### Task statement:
The reply must repeat the listing below exactly and carry none of its pictures.

### Supplied information:
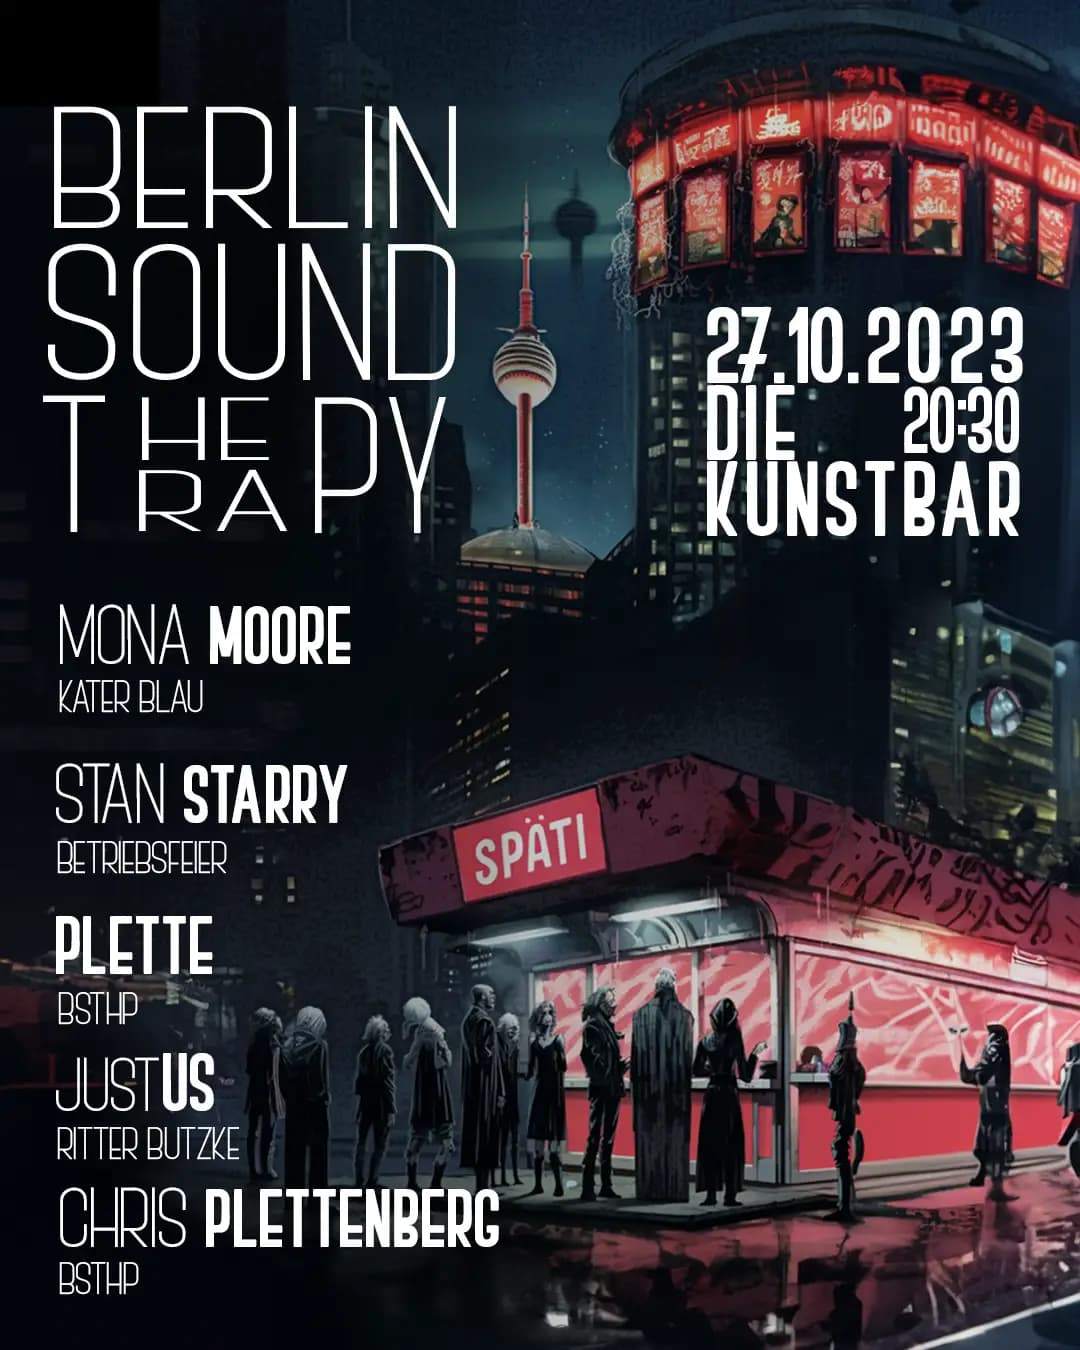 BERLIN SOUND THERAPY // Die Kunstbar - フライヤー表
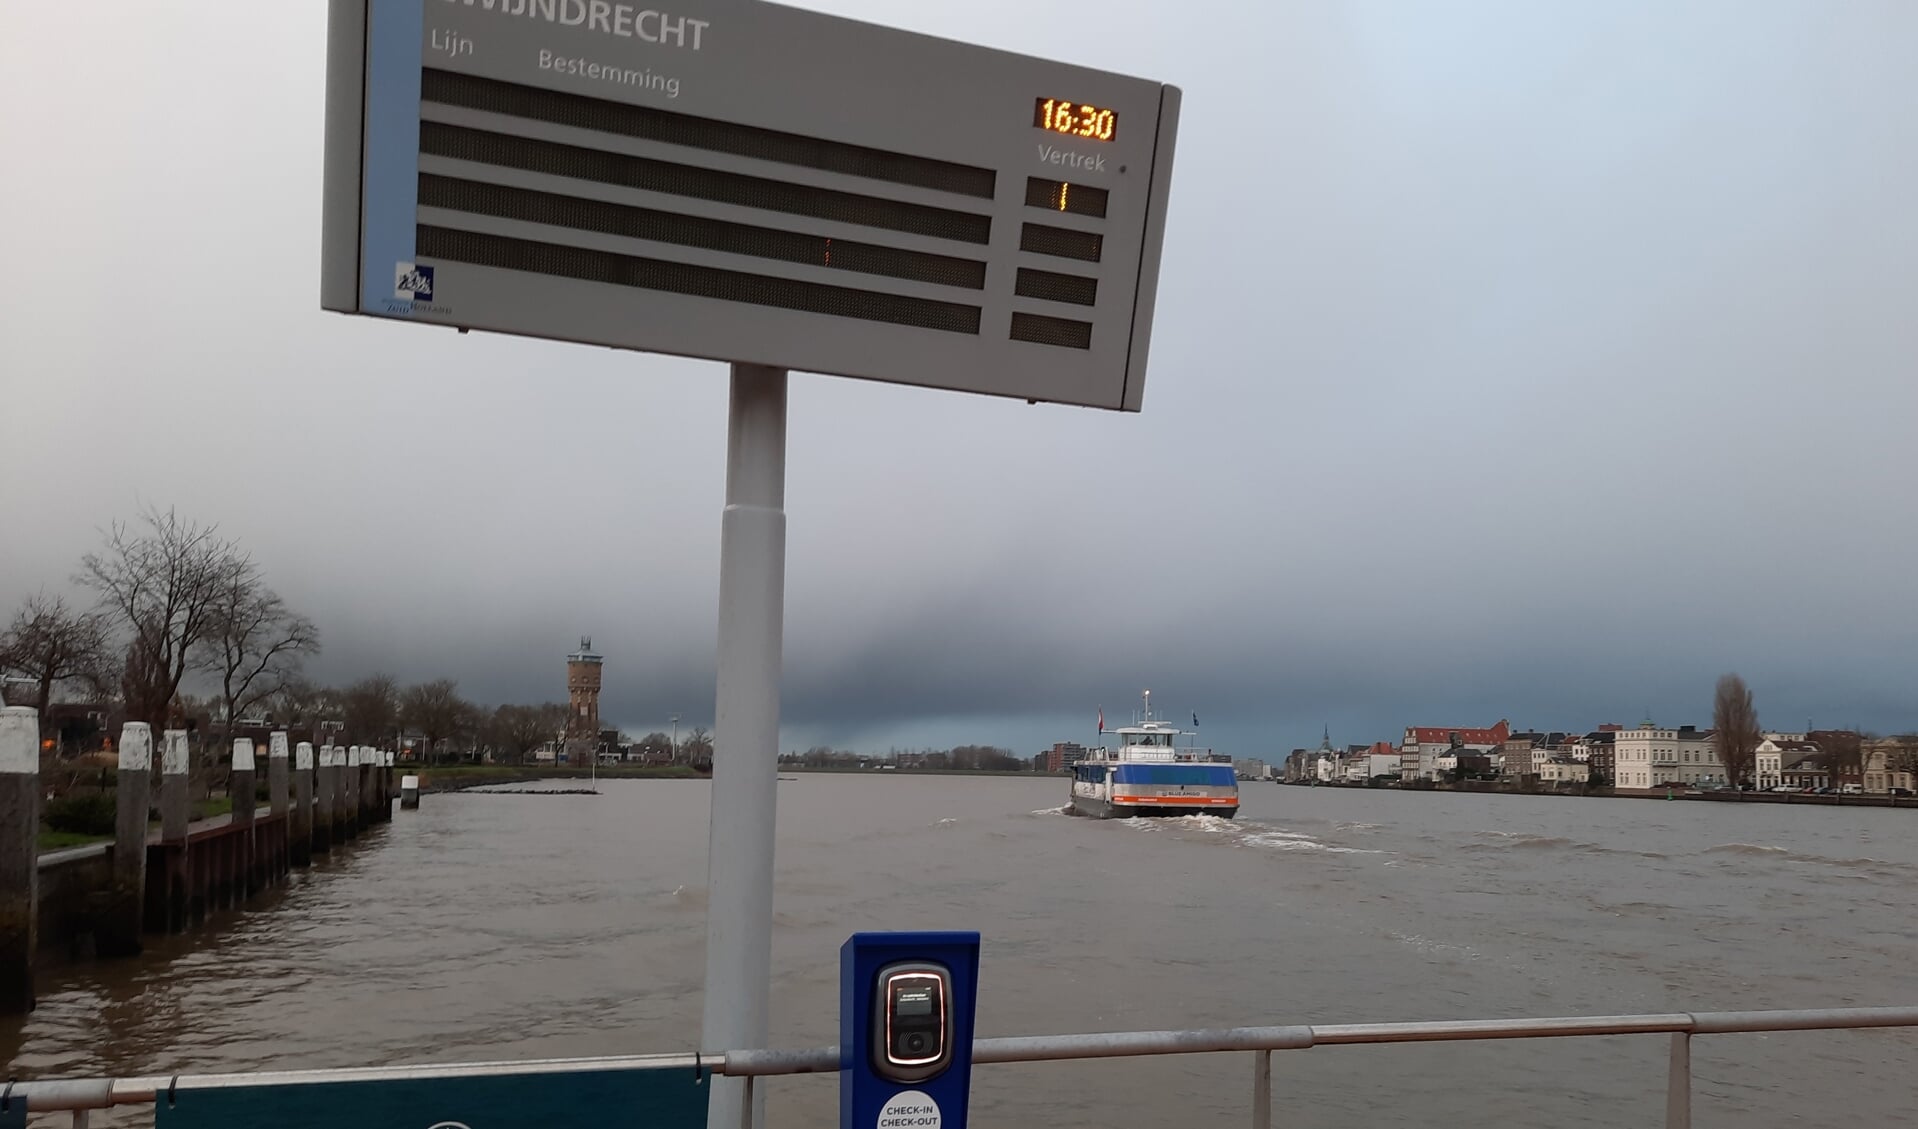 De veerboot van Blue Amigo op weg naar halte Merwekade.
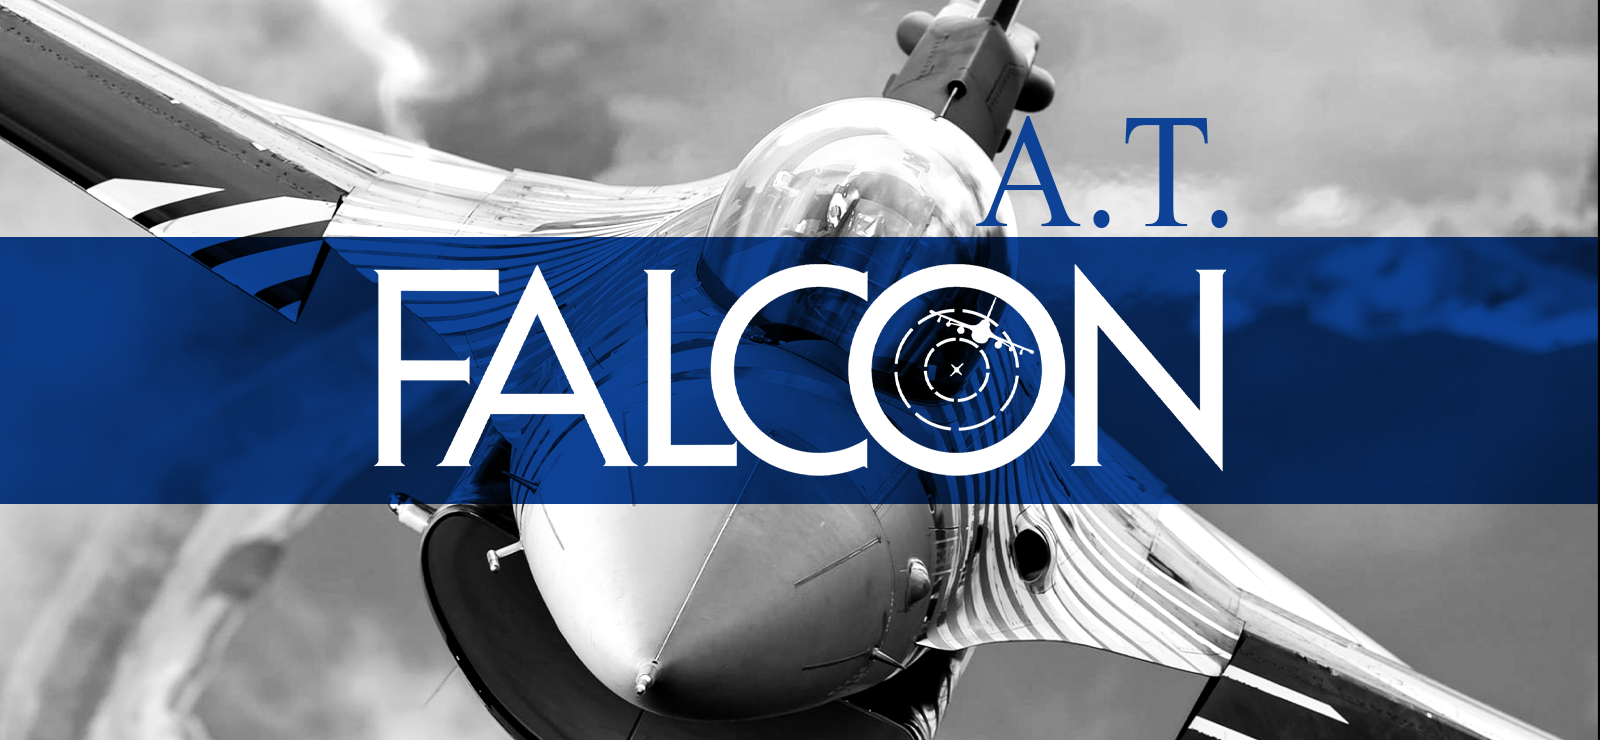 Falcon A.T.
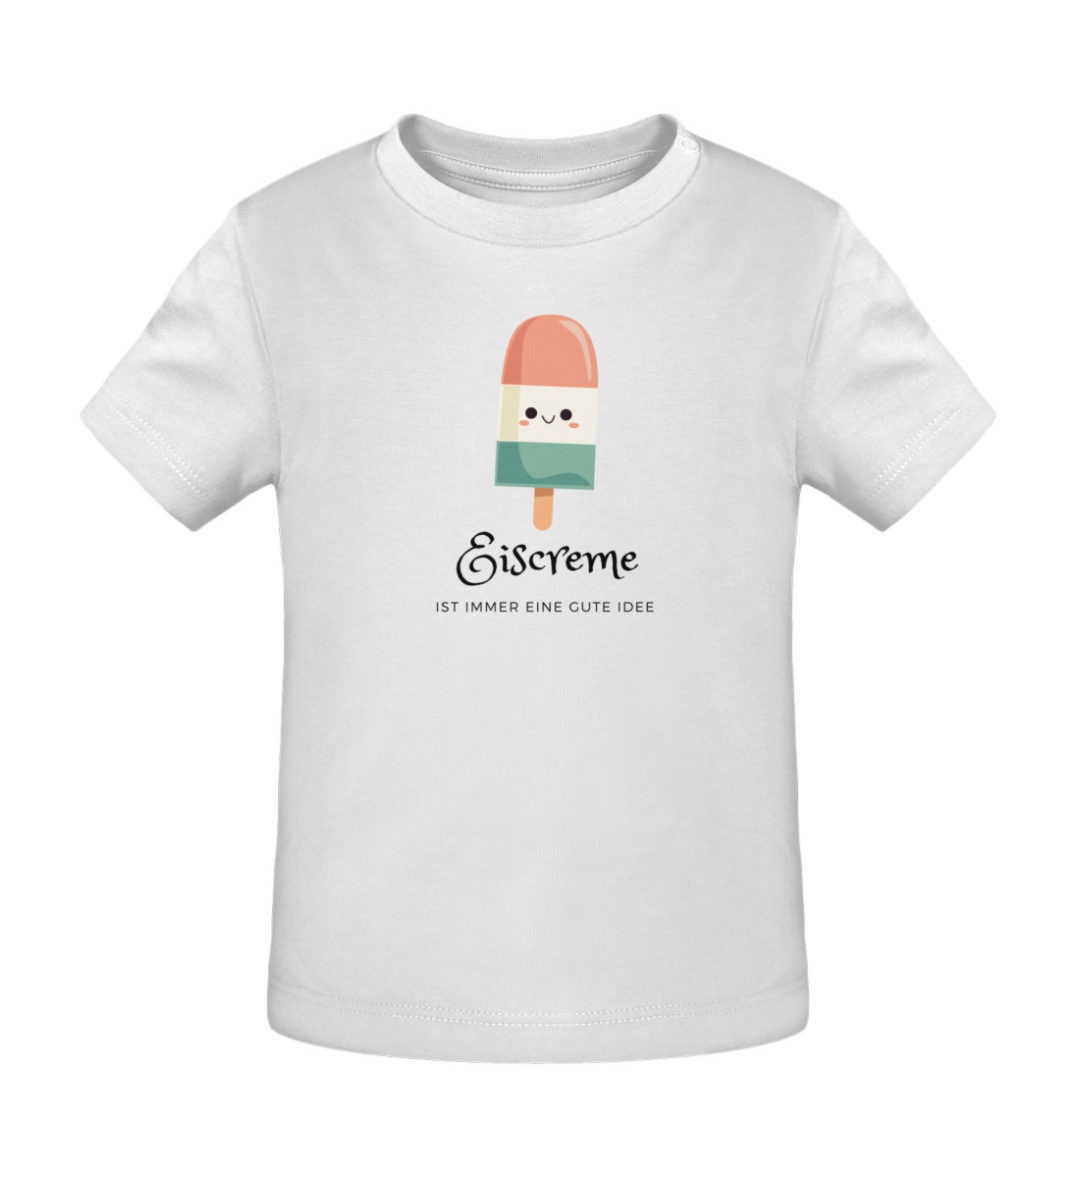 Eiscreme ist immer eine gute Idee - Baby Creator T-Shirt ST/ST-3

### Answer space:
 BERLIN SOUND THERAPY // Die Kunstbar - フライヤー表
 De veerboot van Blue Amigo op weg naar halte Merwekade.
 Falcon A.T.
 Eiscreme ist immer eine gute Idee - Baby Creator T-Shirt ST/ST-3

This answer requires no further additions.